# One of my fry died



## GupLove (Mar 25, 2009)

I am getting a bit discouraged. I don't understand why it died.

The second batch that I had were great! No problems, I found him on the filter net. I do water changes every other day and I also make sure they are fed 3 times a day min. 

I hope they are all going to be ok.


----------



## alliecat420 (Mar 28, 2009)

aww, i'm sorry to hear that i'm sure it wasnt your fault.. like all animals.. not every baby that is born will make it to adault hood.. he may have just been underdeveloped somehow


----------



## emc7 (Jul 23, 2005)

Allie is right, fry with hidden birth defects will die suddenly as they grow. But check your water quality also. When you start feeding fry heavily, you a get a mini-cycle as the filter catches up. Your water changes should be enough, and if they aren't, the test will tell you.


----------



## GupLove (Mar 25, 2009)

Thanks Allie and E.

Been kind down all night. Yeah I know ppl say its ONLY a fish. But they're my fish kids.

Silly, I know.

Yep everything is good, thats why I do frequent water changes.
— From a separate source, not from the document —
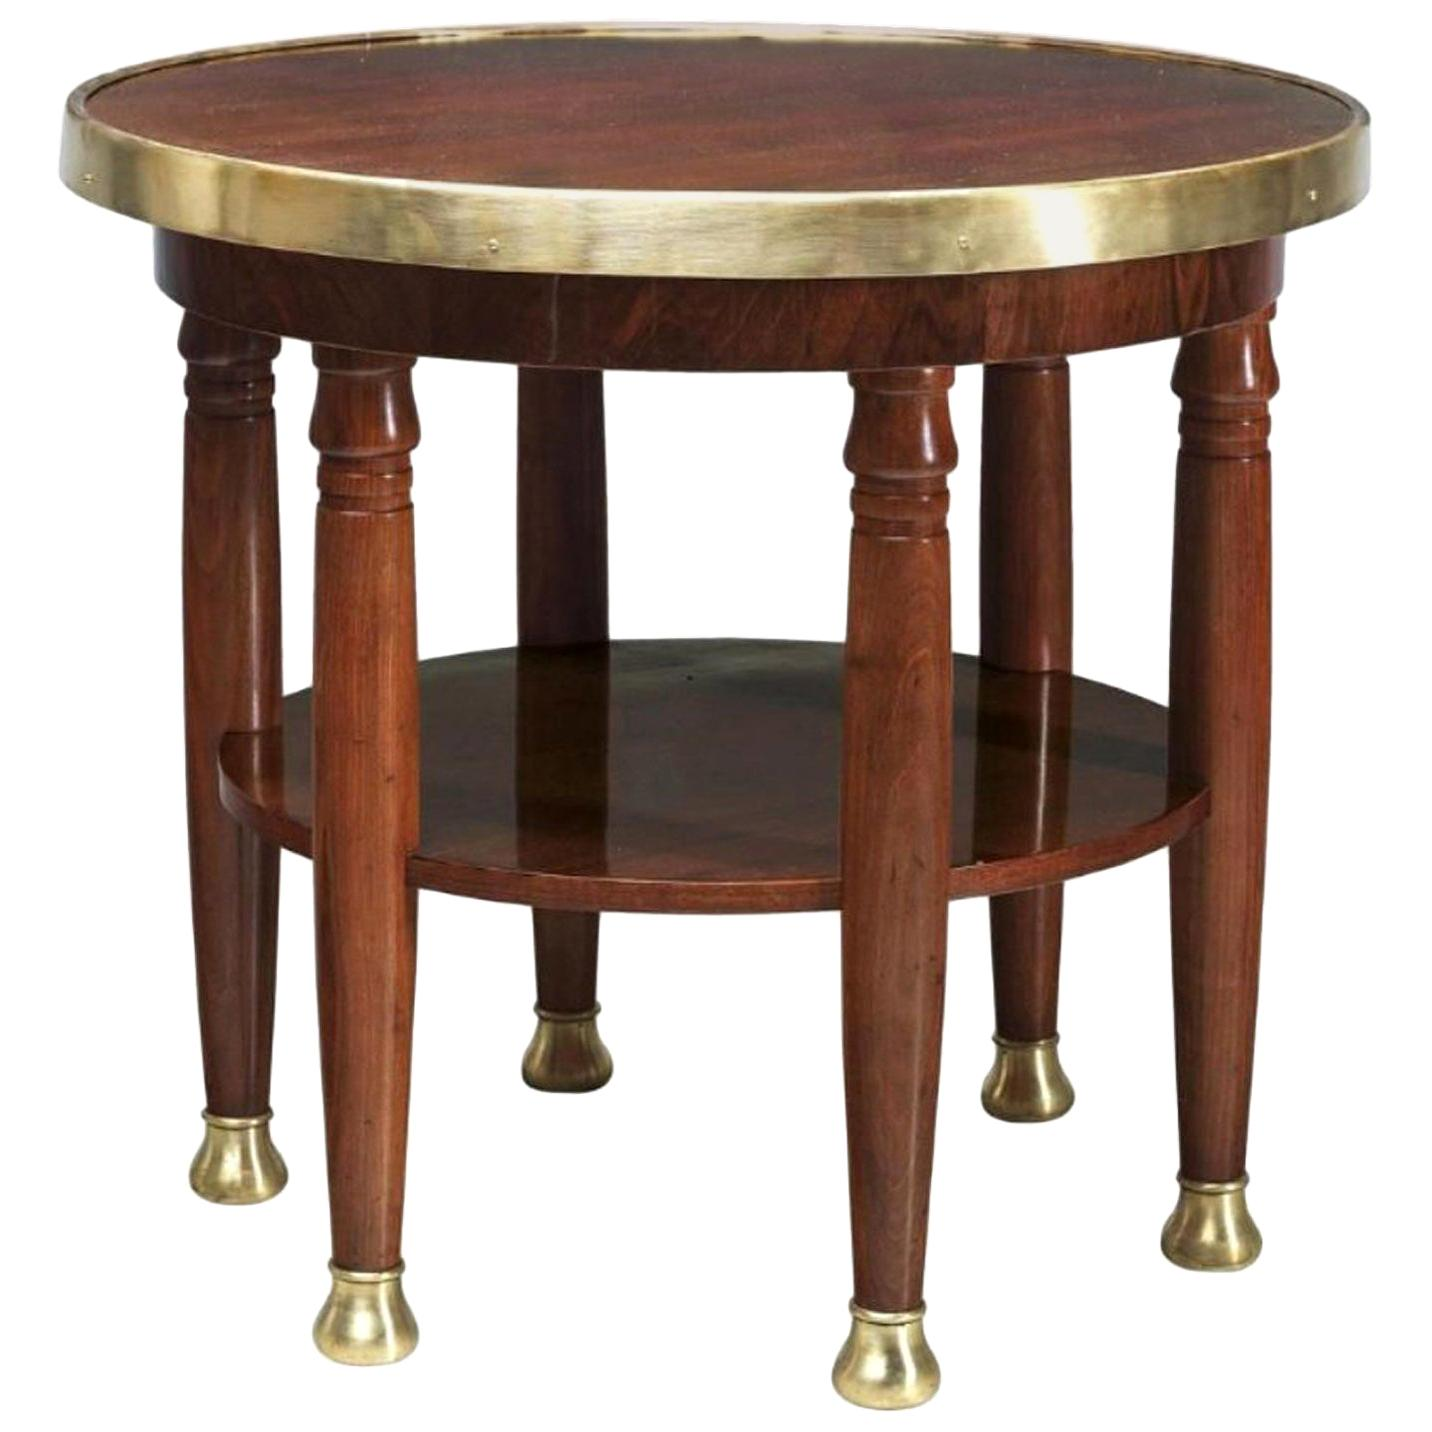 Original Adolf Loos Haberfeld Table Variation, Art Deco, Jugendstil, Secession

Because I know the amount of food and poop going into the water.

So I make sure it's changed every other day for sure.


----------



## Guest (Apr 5, 2009)

Hey GL! cheer up. some of them just dont make it. you cant let these things discourage you.


----------



## lohachata (Jan 27, 2006)

maybe part of the problem is that you are doing too many water changes... their conditions may be too clean.. 
they need a decent varied diet.. include spirulina falkes too.. and get them some Plecocaine... lol..
every now and then we all lose fish.. it happens.. try not to let it bother you too much..


----------



## GupLove (Mar 25, 2009)

I do it every other day, if I don't the water is cloudy and the am is way up. So I have to do it every other day or they'll die anyways.

I do give them a vary diet.

They seem to be doing a heck of alot better today.


----------